Monday, January 30, 2006


Monday’s post from Daniel Olivas

Marta Acosta’s debut novel is Happy Hour at Casa Dracula forthcoming this summer from Simon & Schuster Pocket Books. It's a comic novel about a young woman who desperately yearns to be taken seriously as a writer, human being, and girlfriend. And, yes, vampires do figure in the plot. Acosta was born and raised in the San Francisco Bay Area. At six, she learned to read and she liked it so much that she still reads today. She remembers her excitement when she was seven and her father brought home a box of used books. Growing up with three brothers, Marta learned how to throw a ball, how to express an opinion, and how to tell a joke. She received a degree in English Literature and Creative Writing from Stanford University and is a frequent contributor of humor, gardening and design columns to The San Francisco Chronicle and The Contra Costa Newspapers. She's had too many jobs to recall, none of which she enjoyed as much as writing at home. Marta lives with her husband, son, and ancient dog. An avid gardener, she likes independent films, funny novels, loud music and lively conversation. She is highly skeptical about the paranormal, even though she can tell when her mother is calling by the way the phone rings. You may visit her at her website.

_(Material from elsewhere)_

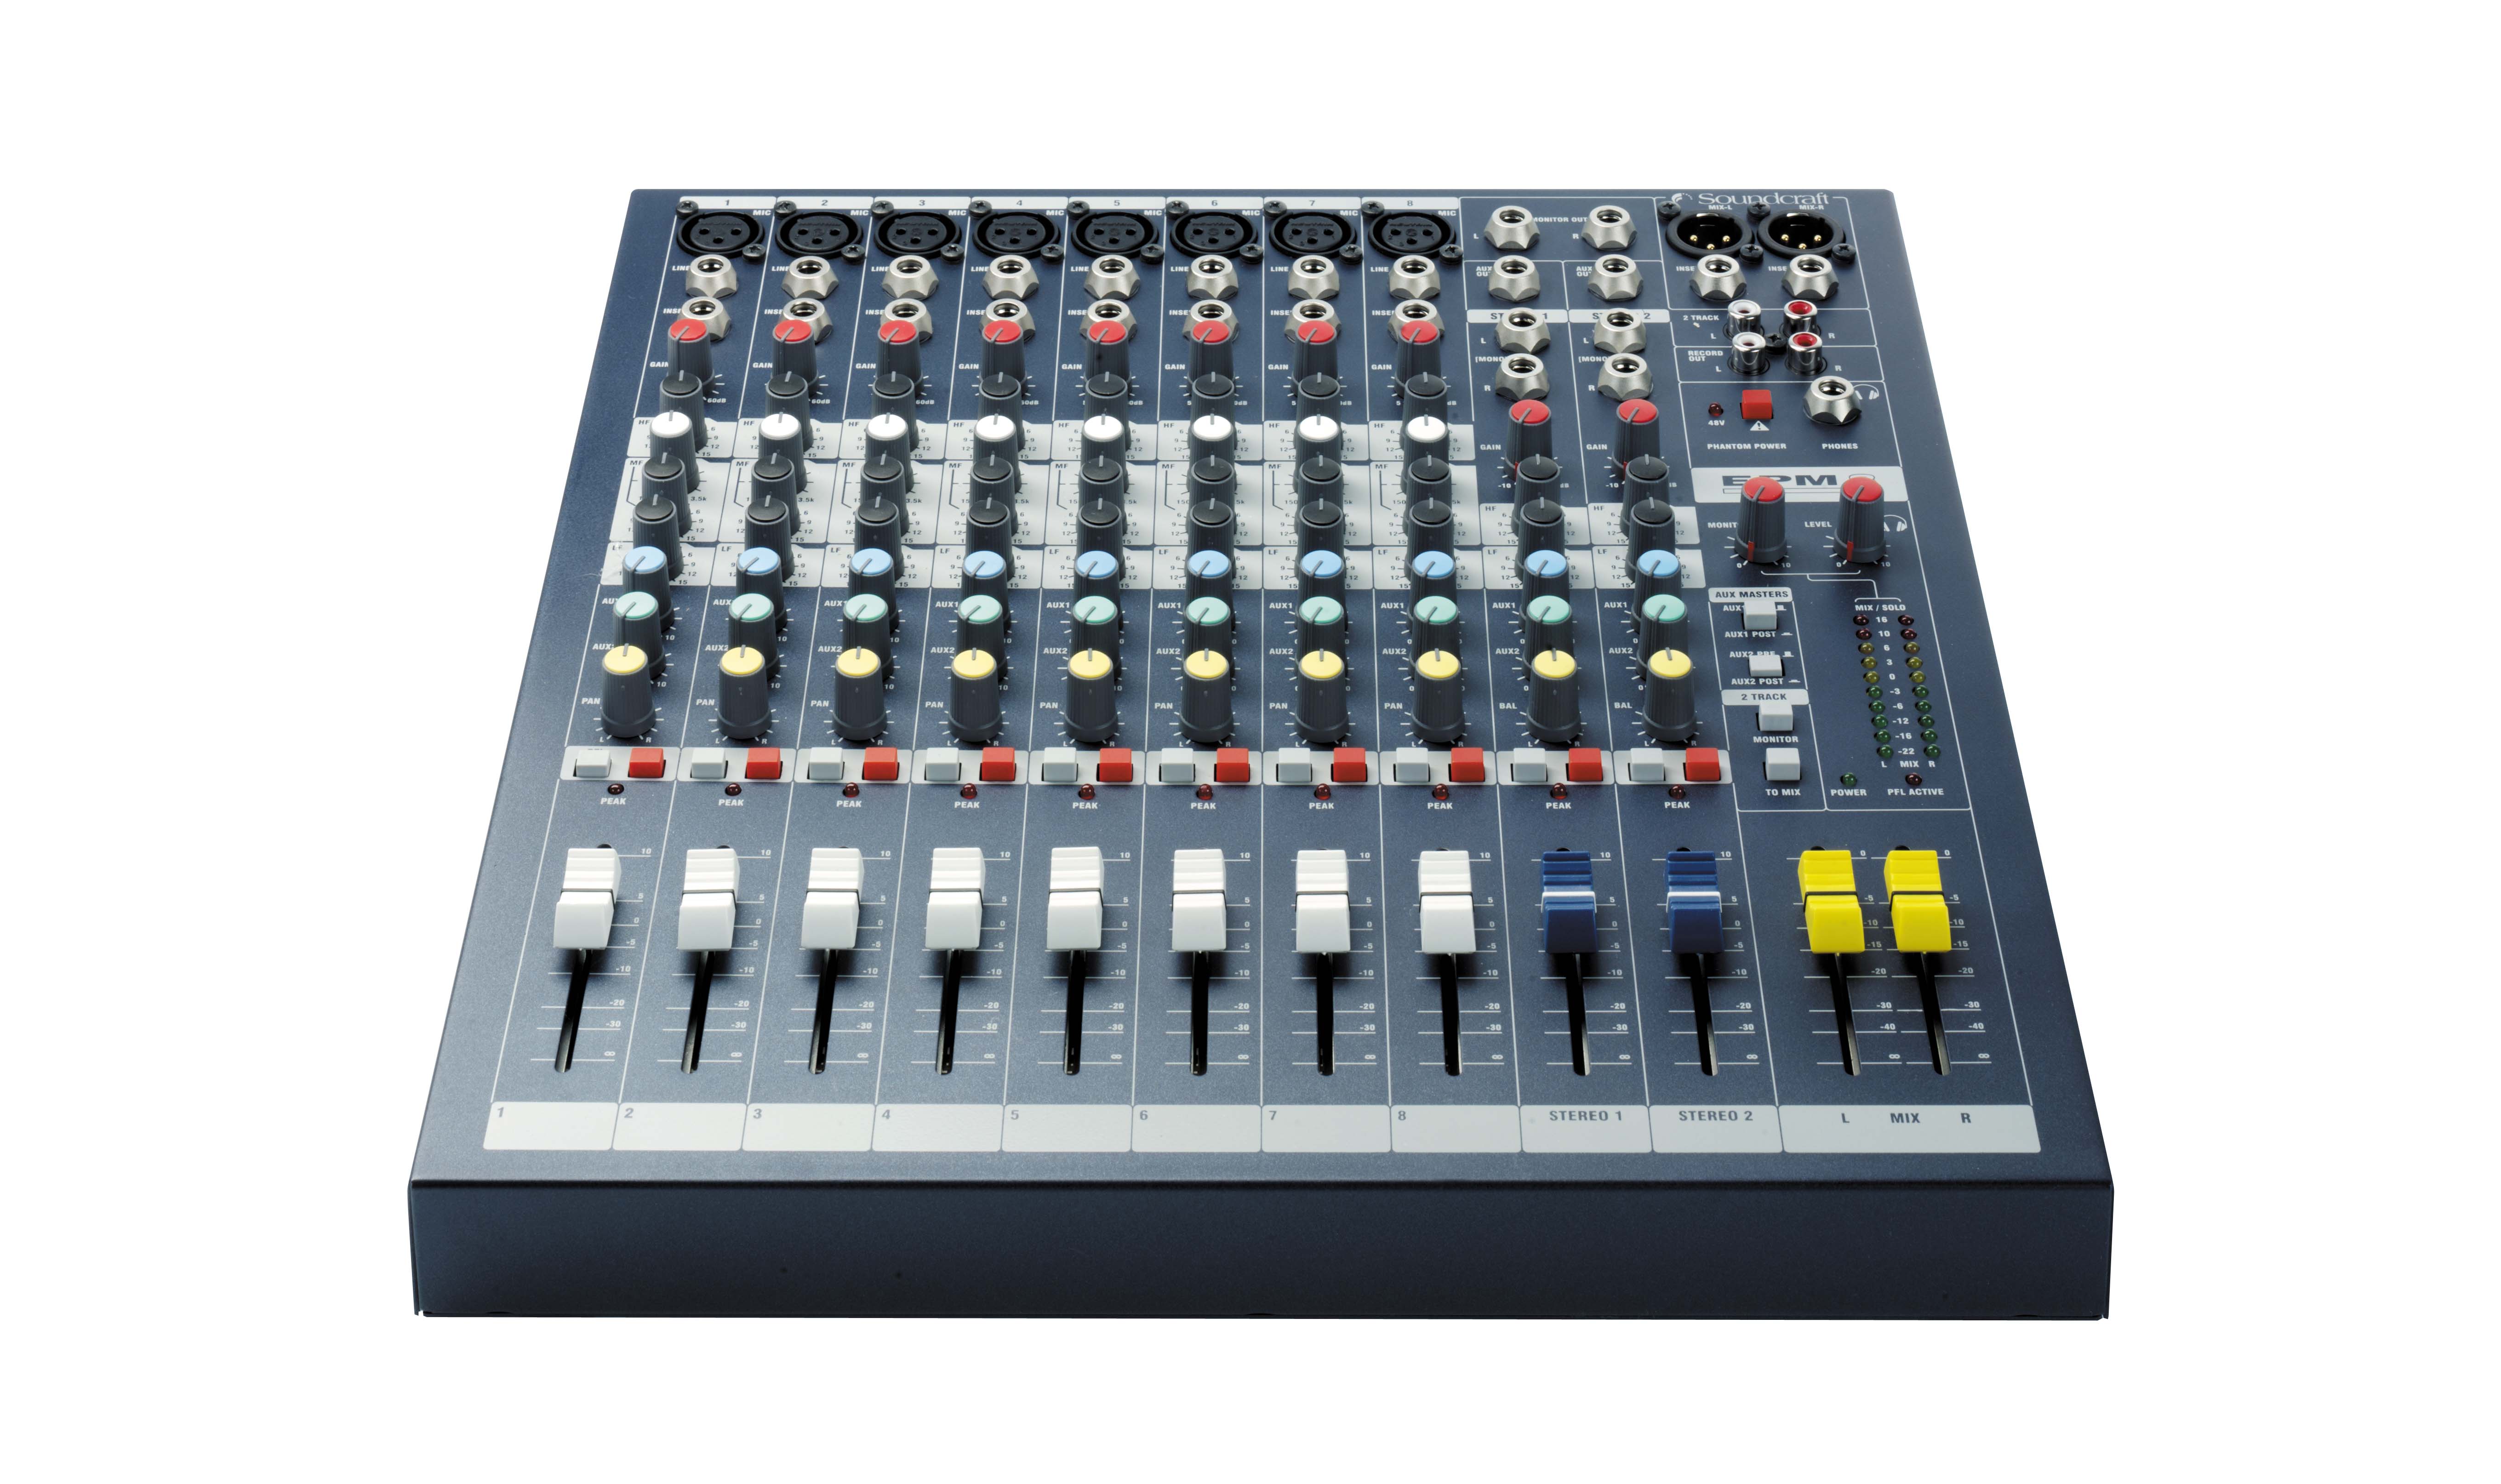 Soundcraft Epm8 - Analog mixing desk - Variation 2

POETRY AND ART SHOW: “Poetas y Pintores: Artists Conversing with Verse” is a collaborative project sponsored by the National Endowment of the Arts, initiated by the Center for Women's InterCultural Leadership at Saint Mary's College and the Institute for Latino Studies at the University of Notre Dame. The interdisciplinary project will present the work of both established and emerging poets as inspiration for the creation of original artwork, allowing Latino/a artists to enter into "dialogue" with the work of Latino/a poets. The inaugural exhibit opens at the Moreau Art Galleries at Saint Mary's College, January 27, 2006. Subsequent shows are slated for New York City, Chicago, and Los Angeles. For more information, visit the show’s website.

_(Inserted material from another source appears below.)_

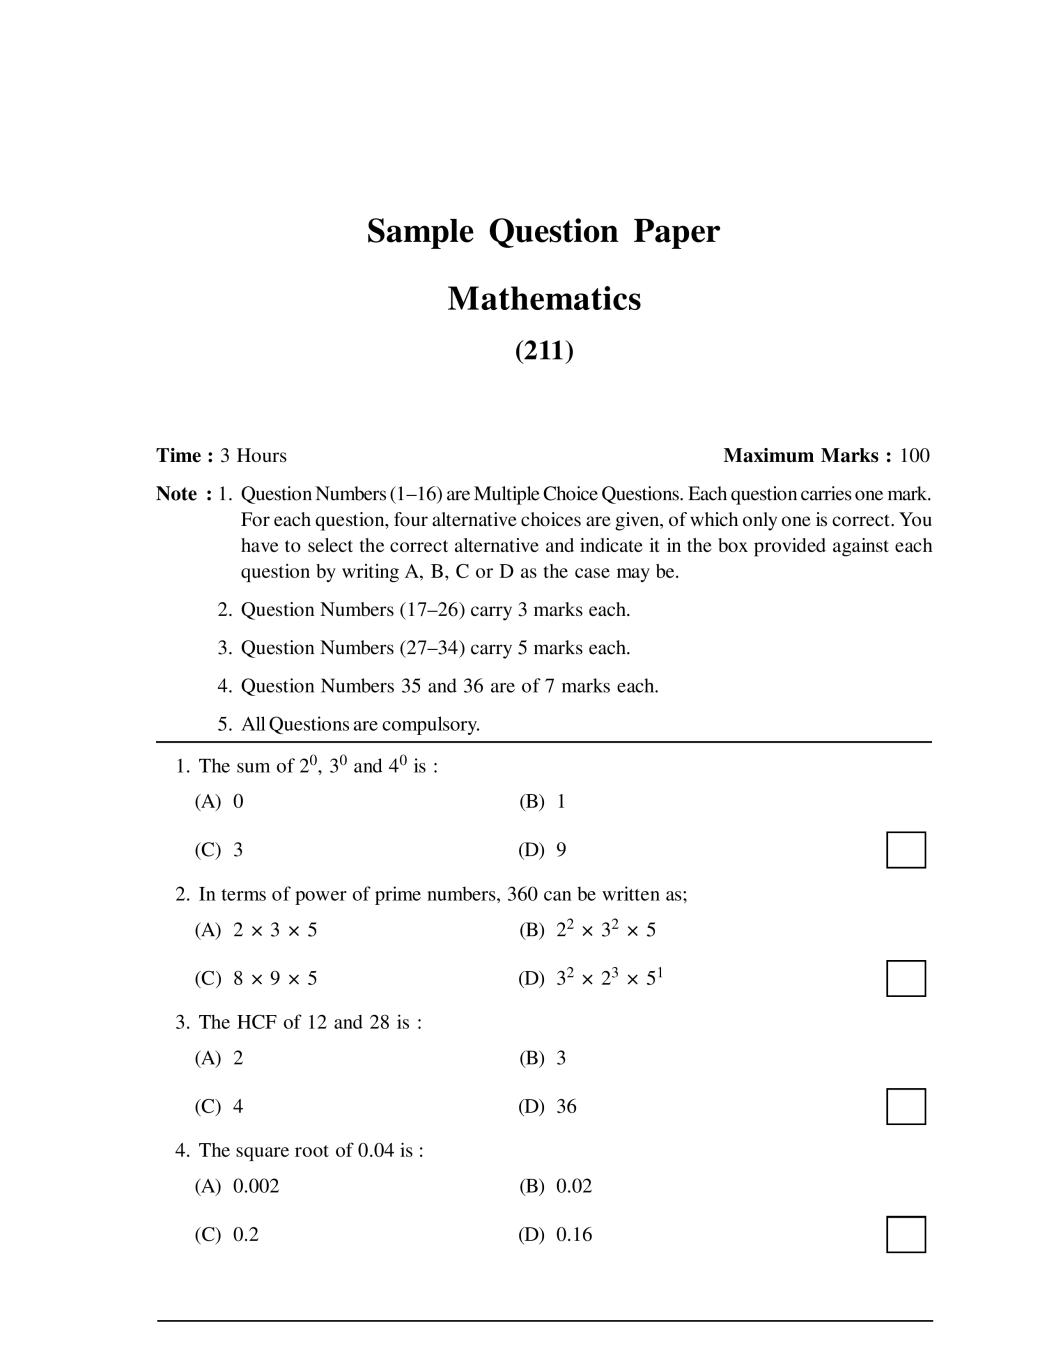 NIOS Class 10 Sample Paper 2020 - Mathematics - Page 1

UCLA CHICANO STUDIES RESEARCH CENTER EVENT ANNOUNCEMENT: The UCLA Department of Political Science Recruitment Committee for Race, Ethnicity & Politics invites you to a Candidate Presentation by Lisa Garcia Bedolla of University of California, Irvine:

“Fluid Borders: Latino Power, Identity, and Politics in Los Angeles”
Monday, January 30, 2006
12:00 noon - 1:30 p.m.
UCLA, 4357 Bunche Hall
A light lunch will be provided

Drawing from one hundred in-depth interviews, Lisa García Bedolla compares the political attitudes and behavior of Latinos in two communities: working-class East Los Angeles and middle-class Montebello. She finds Latina women the most engaged in politics and considers how the experience of social stigma affects the collective identification and political engagement of members of marginal groups. Asking how collective identity and social context have affected political socialization, political attitudes and practices, and levels of political participation among the foreign born and native born, her analysis suggests resources other than simply socioeconomic status may play an important role in political engagement within marginal communities.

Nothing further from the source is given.